For this curated exhibition, the artists navigate the possibilities of mining the pictorial language of 1960s Modernism, through personal and contemporary lenses. Many of the forms and compositions recall mid-century Minimalism, Hard-edge painting, and modernist architecture with its utopian ideals of living. Through various applications and mediums, including wood, aluminum, acrylic, resin, and collage, these artists utilize their materials to create works composed of simplified forms that defy the easy categorization of painting or sculpture. In direct contrast to the historical traditions of these 1960s art movements, which leaned towards the isolated and objective, these three artists create a dialogue through their work that brings memory, nostalgia, and landscape to the forefront of their practice.
Matthew King creates three-dimensional objects that are at once sculptural and painterly, employing techniques specific to hard-edge painting and collage. King takes formal directives from architecture, building infrastructure, and road signs, among other things. The birch assemblages function both as pictures and sculptures, always insisting on their dual spatial presence and painterly illusion. The artist’s hand can be seen in these clean, bold geometric shapes and dynamic optical patterns, yet as applied with a brush, they remind us of the artist’s hand at work.
King’s ambivalent relationship to the conventions he inherits is most evident in his collaged aluminum panels. In this series, King paints bold zigzagging planes of color onto Mad Men-era magazines and advertisements, which he selects for their print aesthetic, ubiquity, as well as glorification of the modern past. While his older collages explored uniquely American themes, such as exploration and conquest, rugged individualism, and competitive sport, these new works take a surreal turn, depicting empty landscapes and open spaces.

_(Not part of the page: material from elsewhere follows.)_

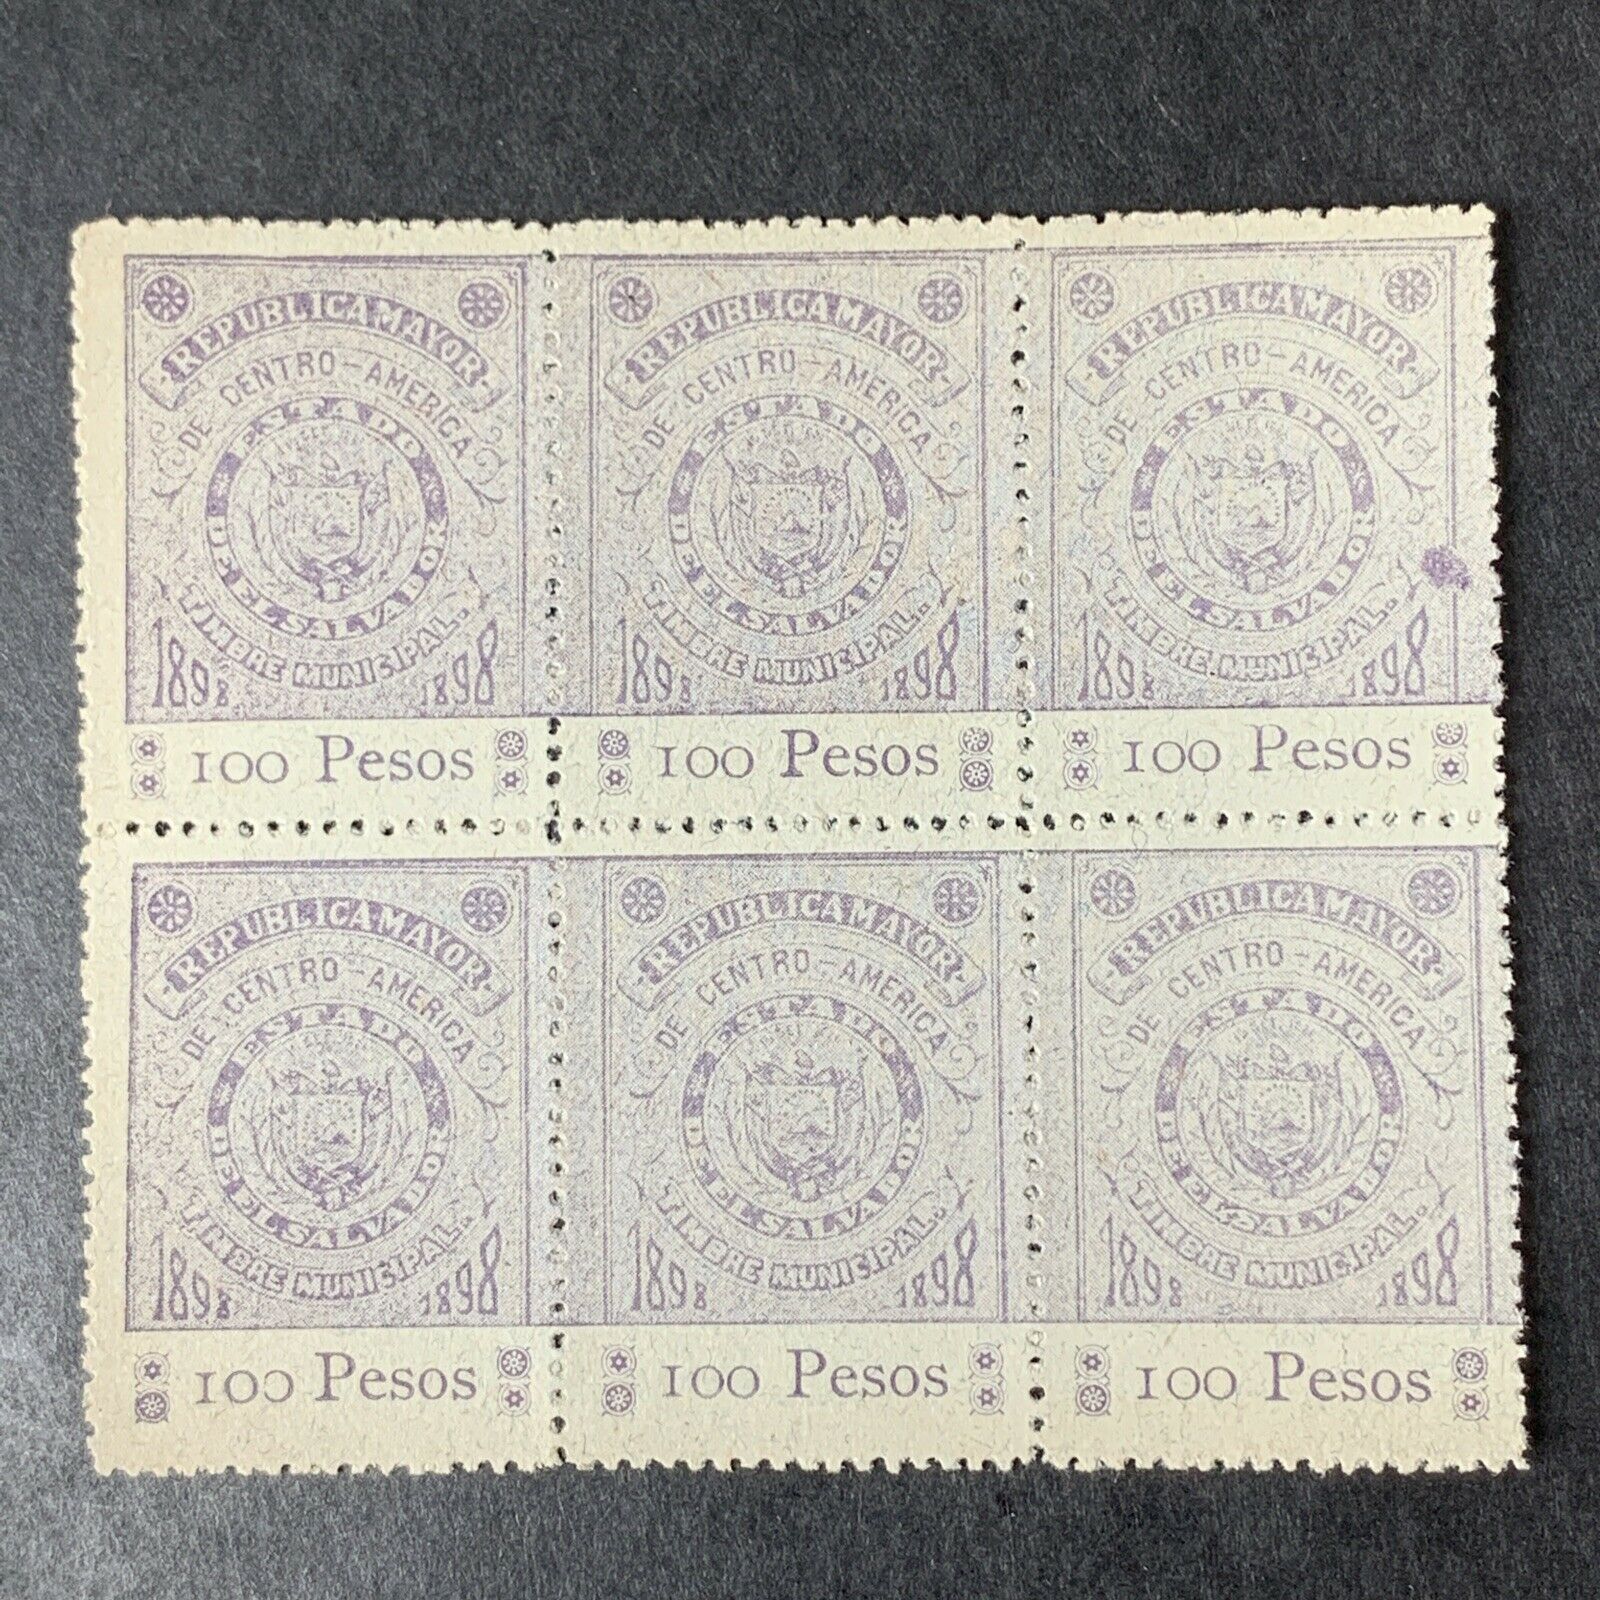 O8/12 El Salvador Stamp Revenue 1898 100 Peso Blocks Of 6 Mnhngai Very Rare

Similar to King’s approach, Kevin Umaña uses geometric forms and hard-edge lines to explore space. Taking a “mathematical approach to modernity, particularly in the use of color and form,” Umaña exemplifies this in his constructions inspired by aerial views of European parks and playgrounds. In addition to these geometric forms, Umaña here presents a new body of work from his “Bridge” series, inspired by these man-made infrastructures from cites that have inspired the artist over time. The artist states, “For this series, I focused on certain properties of a bridge and broke them down into simple components, re-arranged them and transformed them into a new geometric configuration.” Umaña combines flattened shapes and patterns, deconstructing the bridges into idealized compositions that preserve cherished memories of locations, such as Copenhagen, Iceland, Montreal, and Brooklyn. Their final surfaces and patterns resemble complex woven textures. From afar, both bodies of work appear smooth and pristine, however, up-close they are raw and textured, calling attention to the materiality of the paint and canvas.
Perhaps the most nostalgic in the spectrum is the work of David Ellis, who will showcase recent work from his “Recollection” series, constructed from album covers, wood, and resin. Ellis’ “Recollections” center around beautiful and pristine gradients, like Song About You, the largest “Recollection” to date, while other new works explore a smaller range and depth that exists within simpler spectrums. Ellis fossilizes the past, encasing the vintage record albums in a glossy layer of resin, exploiting Minimalism’s application of simple geometric forms, seriality, Gestalt theory, and sleek exterior, while simultaneously adding history and memory by implementing found objects. Born in 1971 in Raleigh, North Carolina, Ellis’ oeuvre continues to interpret music and sound in a wide-range of mediums, such as painting, kinetic sculpture, and time-lapse video. Ellis’ “Recollections” are held in international collections including those of Charles Saatchi, The Margulies Collection, and The Deutsche Bank Collection.